Kendisiyle on dakika konuşabilmek için on yılımı tartışmasız feda edebileceğim, sabaha karşıların determinist filosofu Seneca’nın Epistulae Morales 49.12’de dile getirdiği bu söz, filosofun tragedya eserlerinde örnek aldığı, Yunan’ın Romalı tragedya-severlere elli ayaklı tanrı gibi görünen Euripides’e (Phoen. 469) aittir.
İfadenin öncesinde ve sonrasında mektup muhatabı Luciliusçuğu karşısında bir kez daha hisleniyor gibidir. Çevirelim, kaz yanmasın. Hafif yanık olursa şey yapın.

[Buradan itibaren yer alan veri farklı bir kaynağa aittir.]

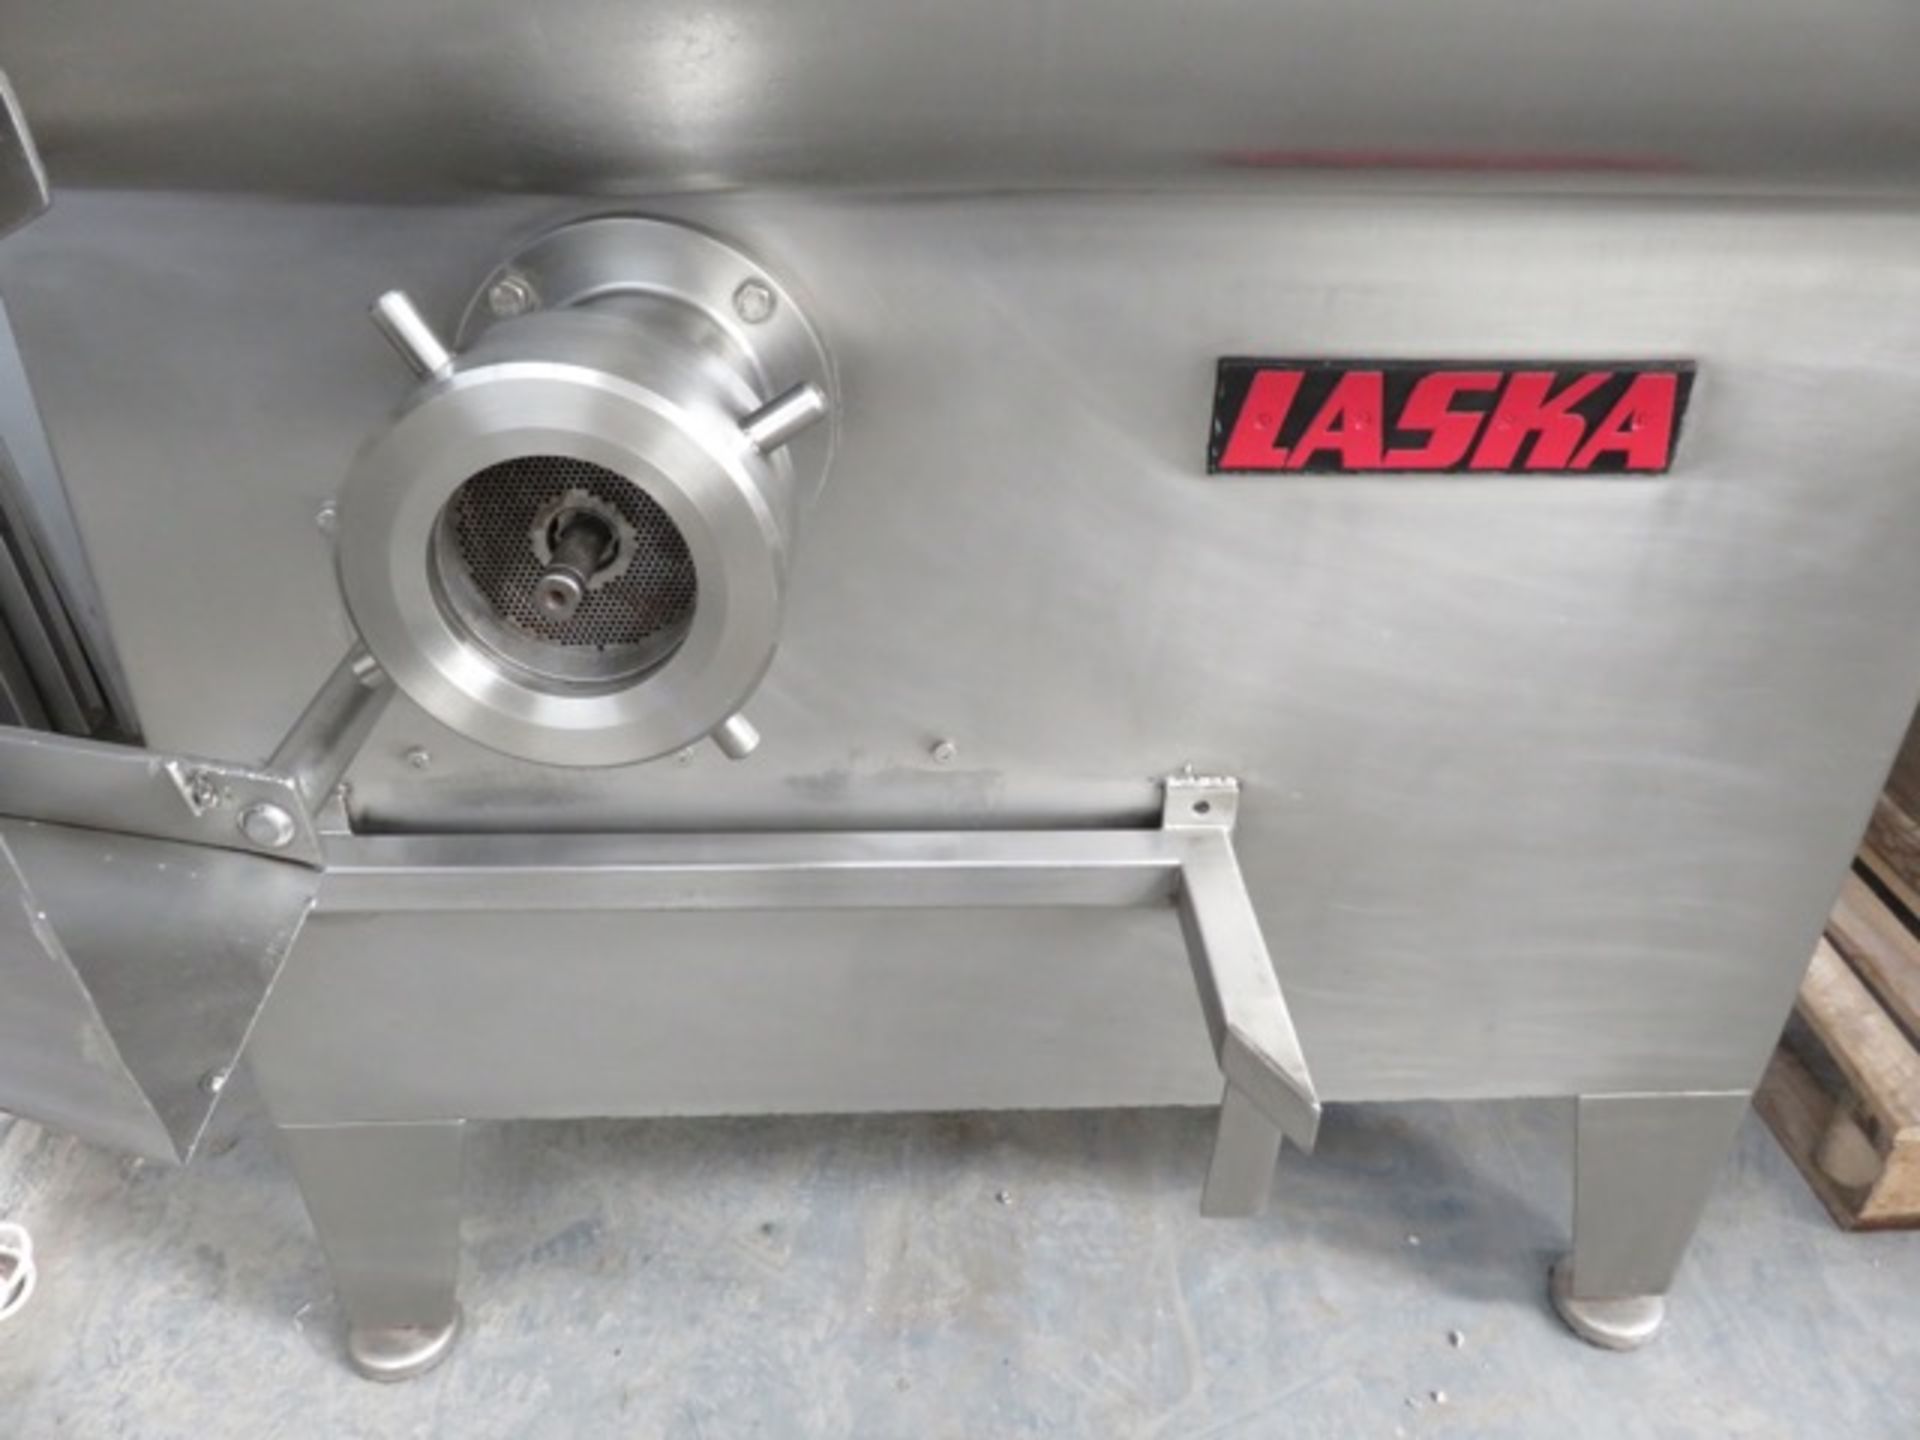 Laska cross feed Mixer Grinder. Model WMW133. Totally S/s 400litre mixer/grind. - Bild 3 aus 11

“… [11] Ölümle yaşamı ayıran çizginin, en kısasının deniz yolculuğunda olduğunu sanıyorsan yanılıyorsun; her yerde eşit kısalıktadır bu çizgi. Ölüm her yerde kendini bu kadar yakında göstermez, bu kadar yakında değildir ölüm. Dağıt şu zulmeti, sana sunmaya hazırlandığım bilgilerin yolunu kolaylarsın. Zira doğa bizi kolay öğrenir yarattı, bize tam pişmemiş ama pişebilecek bir akıl bahşetti. [12] Adalet üstüne, ihtilaflı inanç üstüne, ılımlılık üstüne, her iki [kadının ve erkeğin] utanma duygusu yani yabancı bir bedene yabancı olma üstüne, kendini koruma üstüne, haydi tartış benimle! dolambaçlı yollara sokmak istemezsen beni, pek kolay varırım varacağım yere, hani o tragedya yazarının dediği gibi ‘
hakikatin dili yalındır‘, hiç gereği yok gerçeği çarpıtmanın, büyük işler peşinde koşan ruhlara hiç yakışmaz böylesi! Hoşçakal!”